Friday, September 11, 2009

9 / 11 Reconsidered

Eight years after September 11, 2001, I feel the time has come to reconsider that date's place in history. In our memory, it has gained a significance far beyond what it actually has, out of proportion to the number of people that died and the overall effects on the world.

To many Americans, 9 / 11 has become an epochal moment, a day of terror and atrocity that is beyond anything they have experienced. It is, in effect, the blackest day the world has ever seen. The only problem is, it was not.

Yes, the terrorist attacks that took place that morning were horrific and beyond the pale of experience of most Americans. Yes, the suffering of the victims' families must be awful. But 9 / 11 is not the only tragedy in human history, or in American history.

If we limit our glance merely to the twentieth century, we are faced with the Armenian genocide, the First World War, the Second World War, the Holocaust, the Palestinian Nakba, the Vietnam War, Pol Pot's Kampuchea, and numerous other historical events have killed far more people.

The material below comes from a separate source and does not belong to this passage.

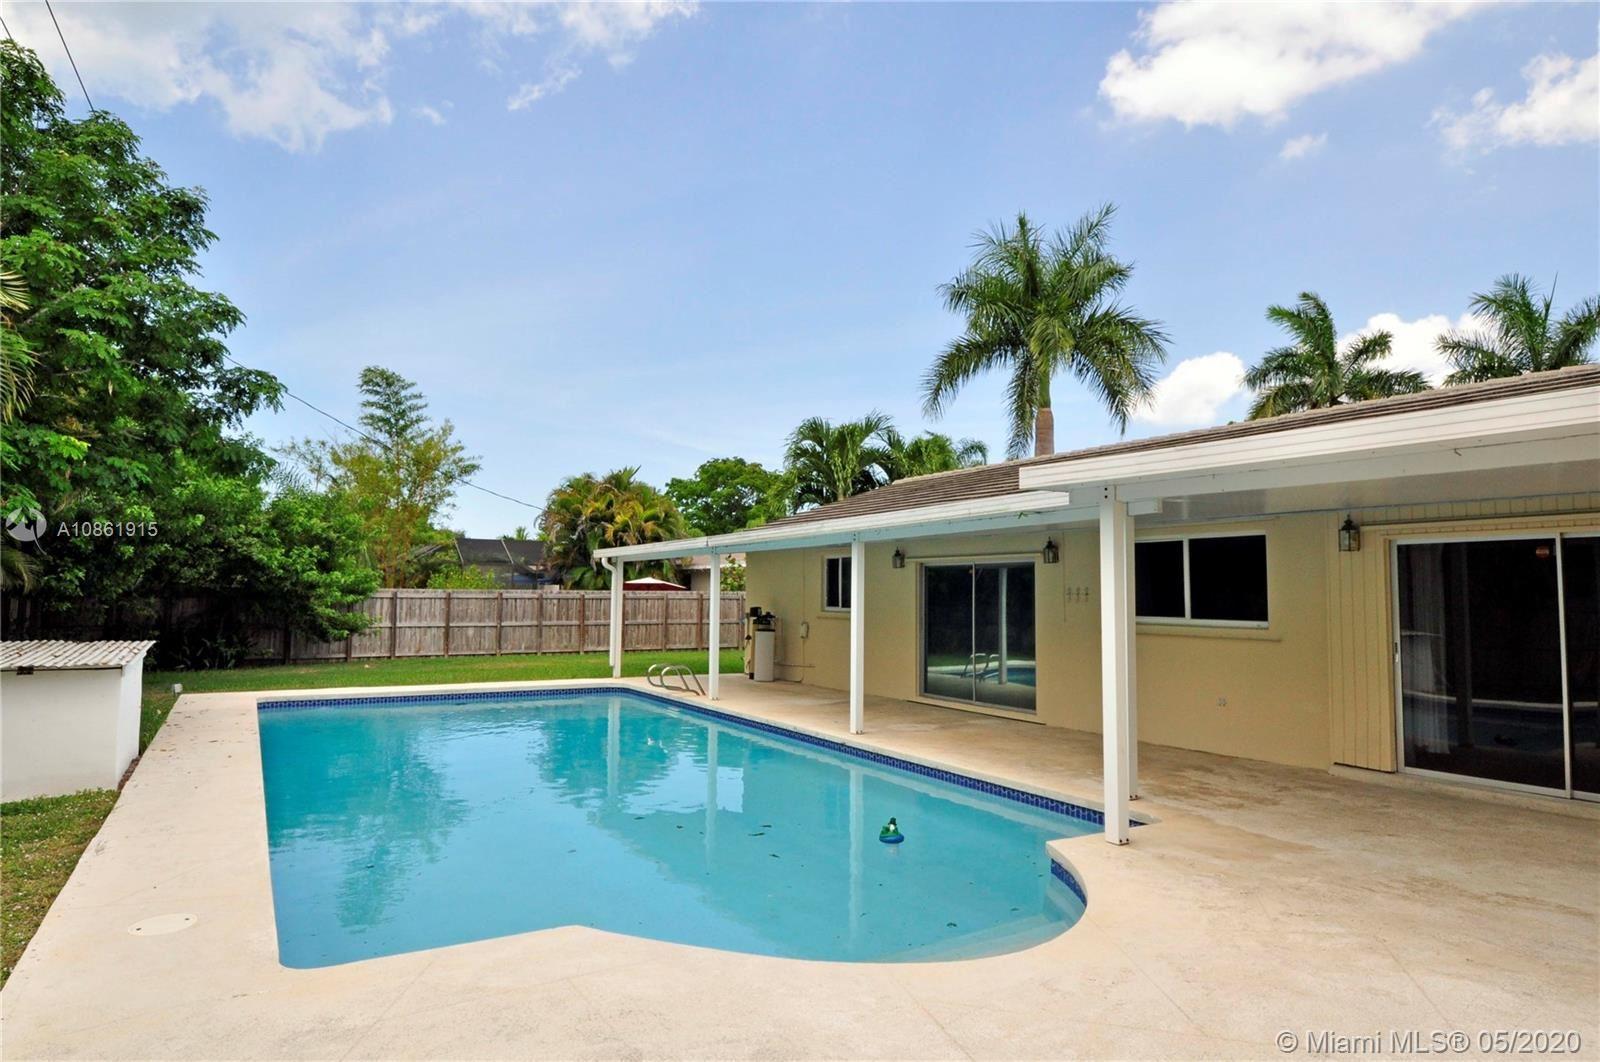 8815 SW 160th St, Palmetto Bay, FL 33157 - #: A10861915

What makes 9 / 11 so special is that it happened to us. It was a matter of location, not magnitude.

People said it would change everything. However, for most Americans, life has gone back to normal. Even in New York, the site of the attacks, things have gone back to pretty much the way they were. As an article in today's New York Times illustrates, even though many New Yorkers thought that the city would never recover, the city has suffered only minimal changes. Businesses have remained where they were, the city itself has not degenerated into a security state, and the population has not fled.

One might argue that 9 / 11 has changed everything. He or she might point to the wars in Afghanistan and Iraq, or the sweeping anti-terror laws that were passed afterwards. However, these changes were not merely results of the attacks themselves. They were outgrowths of our panic, and unwillingness to think before we acted.